Nelson Piquet Jnr was born in 1985, two years before his father’s third and final srivers’ championship success. By 1993 the eight-year-old Piquet Jnr had started racing karts.
After eight years of karting in Brazil he stepped up to racing cars in 2001. He started at the fifth round of the 2001 South American Formula 3 championship, and despite only doing seven of the 11 rounds he placed fifth in the championship with one win and 77 points. He returned in 2002 and clinched the title in style, with 13 wins from 18 races and 296 points to second-placed Danilo Dirani’s 189.
The time had come for him to pursue his career in Europe and, like his father, he moved to the British Formula Three championship. In the Piquet Sports team backed by his father he finished his first year in the championship third with six wins, behind Alan van der Merwe and Jamie Green. Nonetheless he impressed the Williams team, who gave him his first F1 test.
He returned the following year hot favourite to claim the title and duly delivered it with another six wins, making him the series’ youngest ever champion. But success in the major F3 races against European competition eluded him. He was tenth and Macau and eighth in the F3 Masters, having been second in the latter in 2003. Piquet Jnr had another F1 test – this time for Honda – before the start of the 2005 season.
GP2
He was clearly ready for the next step and entered the inaugural GP2 championship still with Piquet Sports (which had now merged with Hitech) in 2005. He ended the year eighth with a single win at Spa-Francorchamps. Ater the GP2 season he became the first ever winner in A1 Grand Prix, claiming back-to-back wins for the Brazilian team at Brands Hatch. But after that impressive start the team slipped down the order. Piquet never won another race, and left the squad after the South African round.

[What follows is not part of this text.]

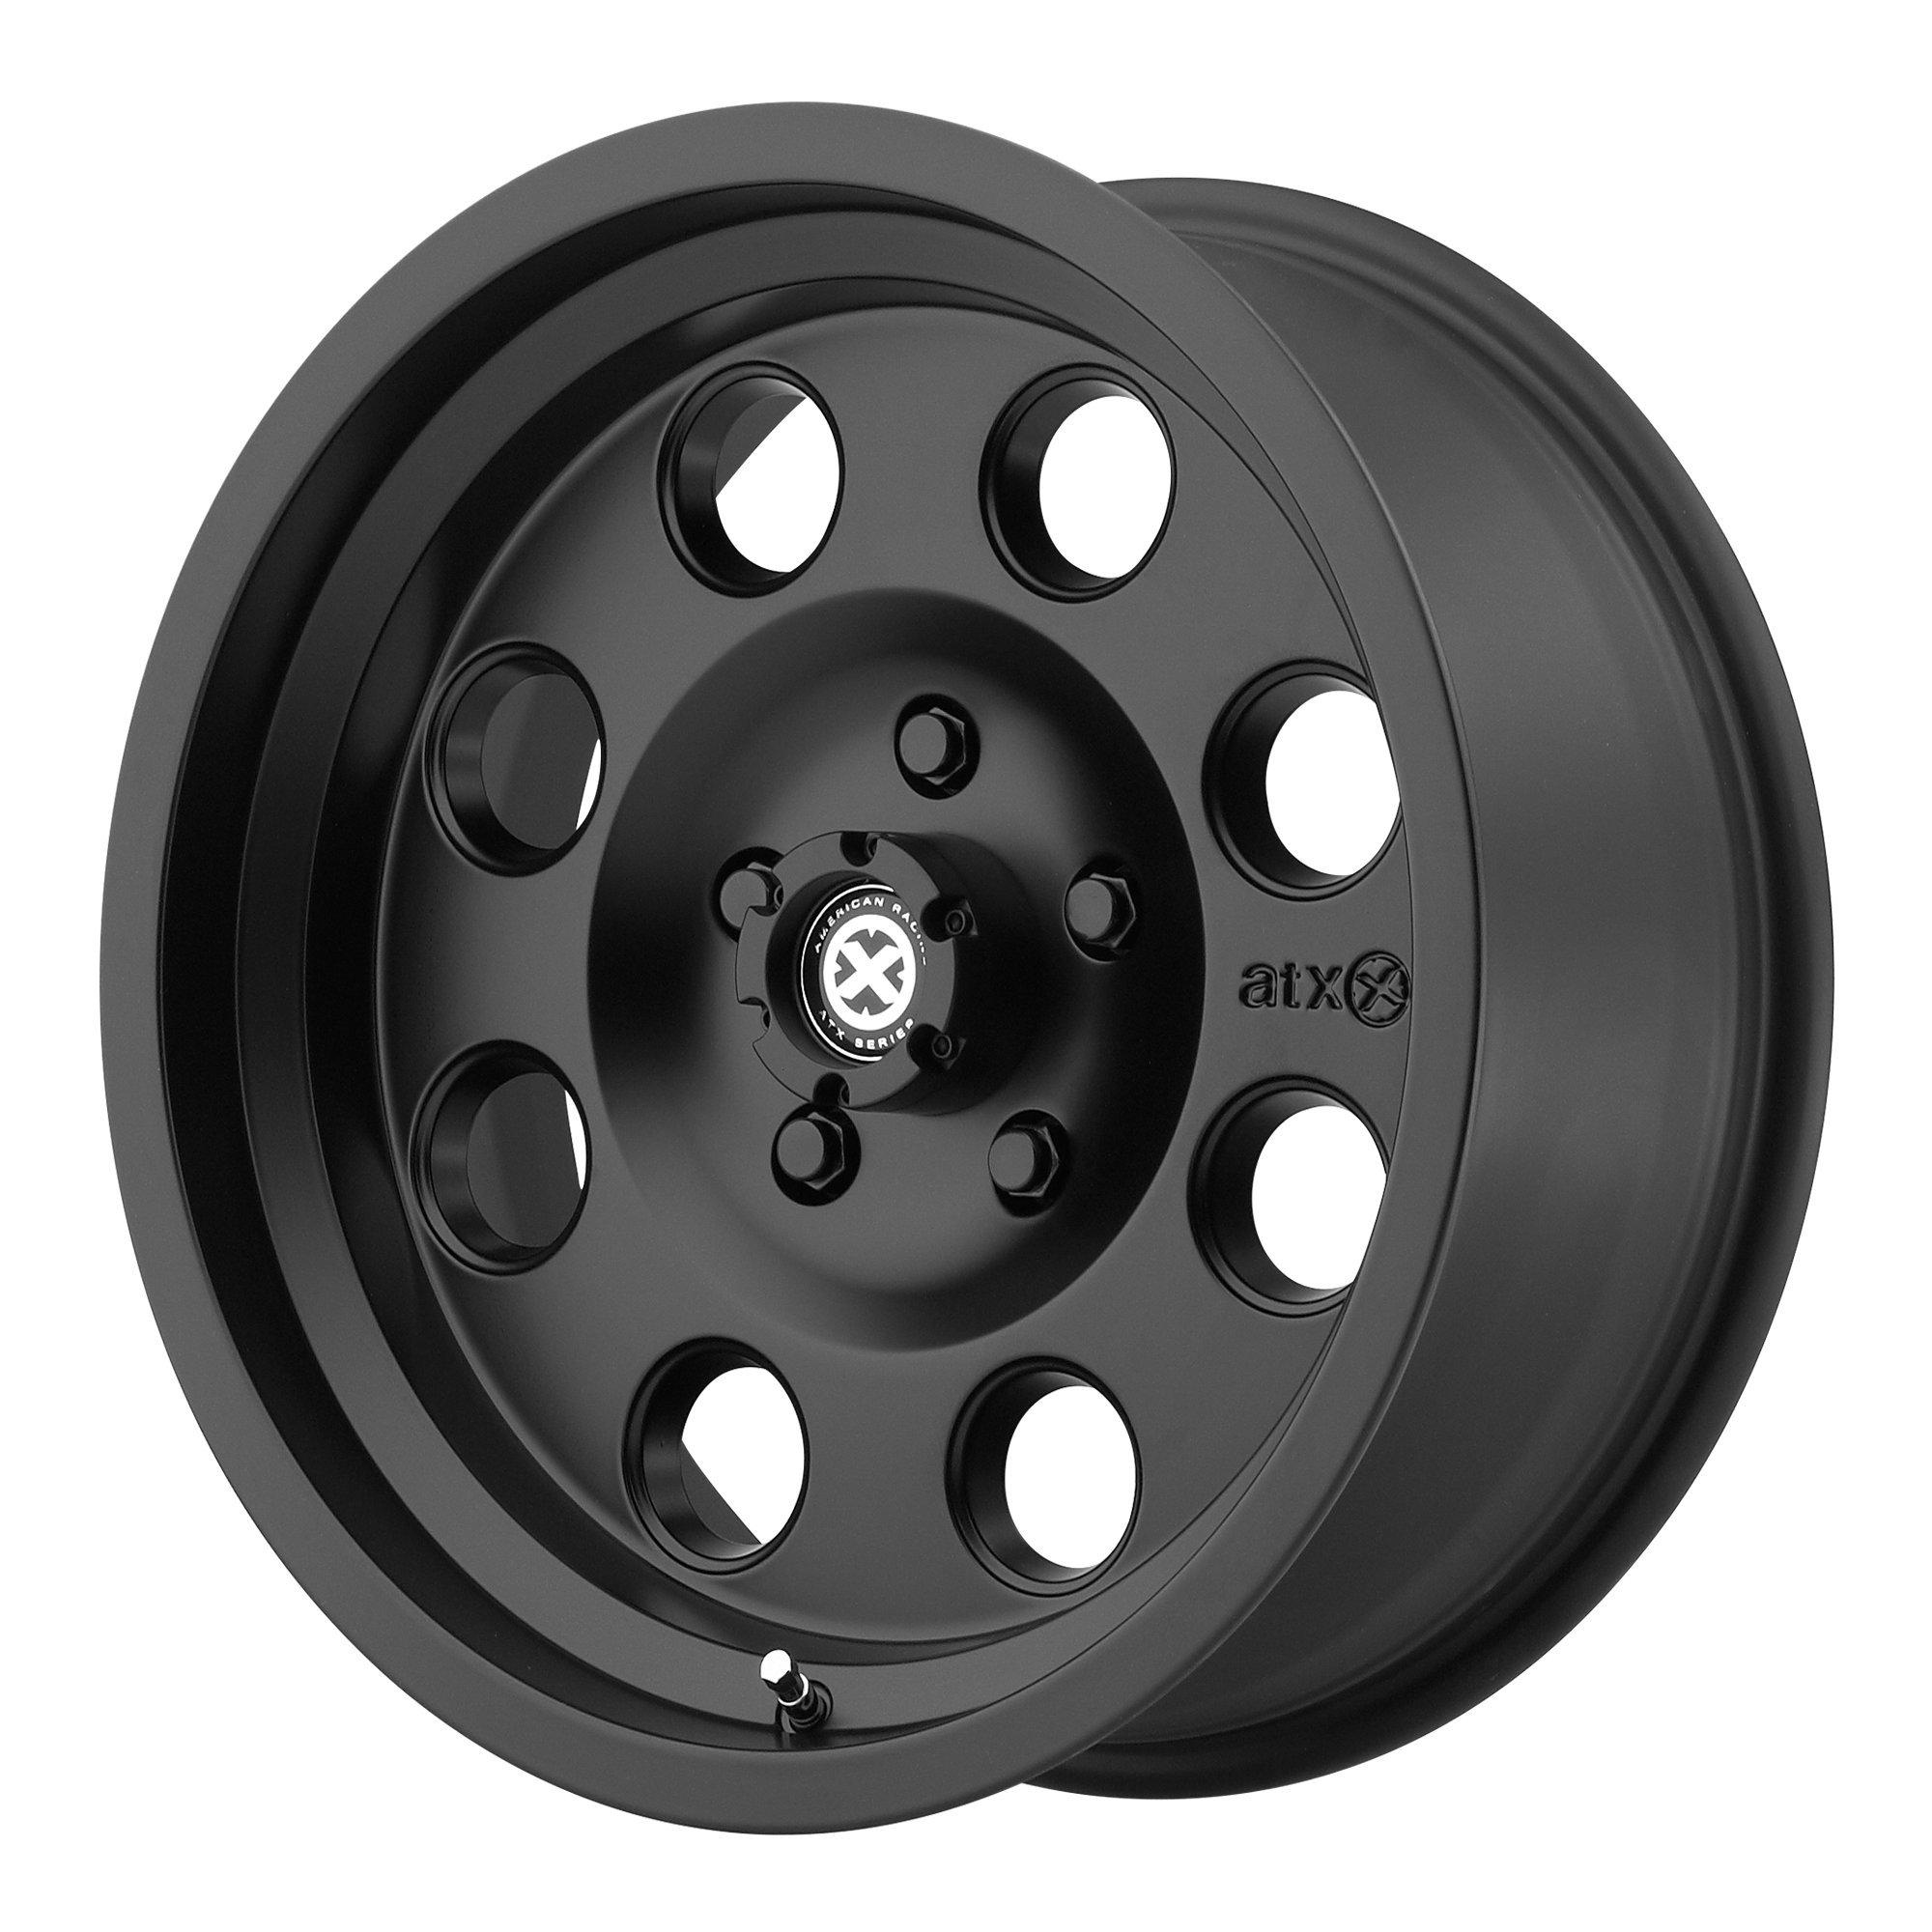 ATX Series AX199 Mojave II Satin Black Wheel (18x9''/5x139.7mm, 00mm offset)

GP2 was the focus of his efforts in 2006 and he got his title bid off to a strong start with victory in the Valencia round. But rookie driver Lewis Hamilton driving for 2005 champions ART chased him down and took the lead in the title race at Monte-Carlo. The pair went wheel-to-wheel at Silverstone, Piquet Jnr flying off the track as Hamilton swept past him and Clivio Piccione in an impressive move.
But Piquet Jnr fought back in style with back-to-back wins at the Hungaroring. Hamilton out-ran him to the title by 12 points, but Piquet’s four wins marked him out as one of the year’s top drivers.
Renault
Renault appointed him as their F1 test driver for 2007. He reportedly turned down the chance to drive for Spyker halfway through 2007 when the Dutch team replaced Christijan Albers.

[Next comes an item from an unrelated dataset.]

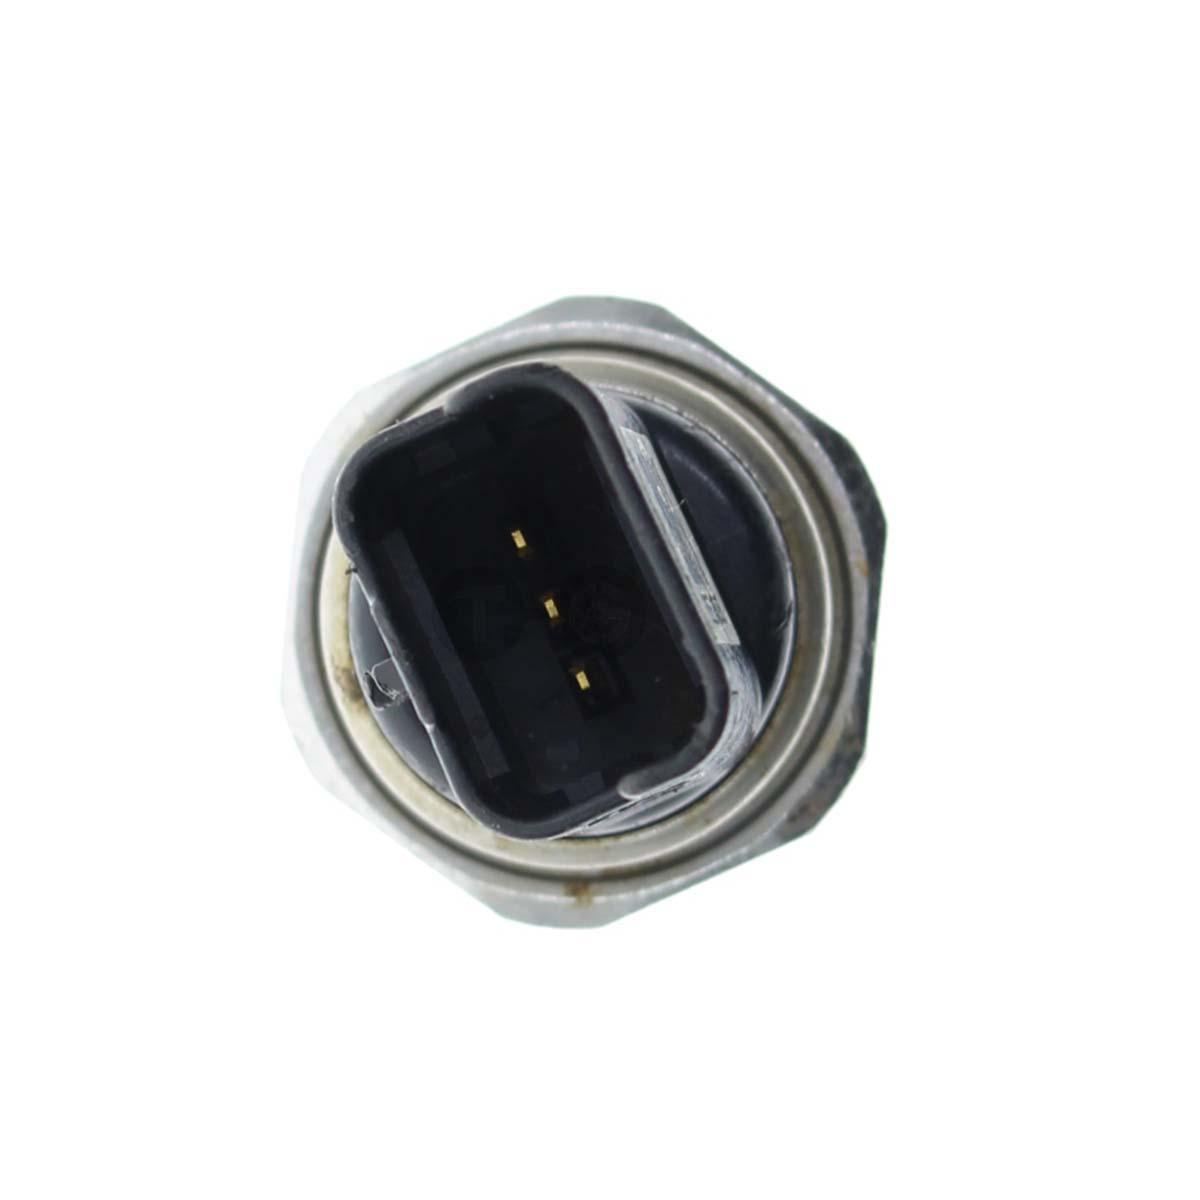 OEM Ford Fuel Rail Pressure Sensor F-550 F Series Super Duty 6.4L Diesel 08-10

As it turned out a better offer was around the corner – Renault chose to replace Giancarlo Fisichella and Heikki Kovalainen for 2007, and installed Piquet alongside returning twice-champion Fernando Alonso for 2008.
Piquet’s F1 debut was a mixed affair at best. There were a lot of errors – he had more race-ending non-mechanical failures than anyone else. But when the opportunity presented itself Piquet proved he could be cool-headed and quick – he took second at Hockenheim largely thanks to the timing of the safety car’s arrival, but he didn’t throw the car off the track on a day when his illustrious team mate did.
Despite the mistakes and the occasional lack of qualifying pace Renault kept him on board for 2009, provoking debates about whether Piquet was being kept because they saw potential in him, or because he was too slow to unsettle Alonso.
Whatever their reasoning was, halfway through 2009 Renault chose to drop Piquet, setting in motion a chain of events which would bring the team before the sport’s governing body accused of a grave act of cheating.
Piquet told the FIA he had colluded with Pay Symonds and Flavio Briatore to crash his car on lap 14 of the Singapore Grand Prix. That brought out the safety car which played into Alonso’s hands perfectly: he had started the race with a light fuel load and pitted shortly before Piquet’s planned crash. The ensuing safety car period gave Alonso the lead and won him the race.
A storm blew up over the allegations and when Renault discovered they were true Briatore and Symonds were shown the door. The FIA banned Briatore from motorsport for life, and Symonds for five years.
Piquet was granted immunity from punishment by the FIA for blowing the whistle on the conspiracy, but he has not returned to Formula One. He subsequently raced in America, joined the new Formula E championship and won the inaugural title, and in 2016 announced a return to Formula Three for the Pau Grand Prix.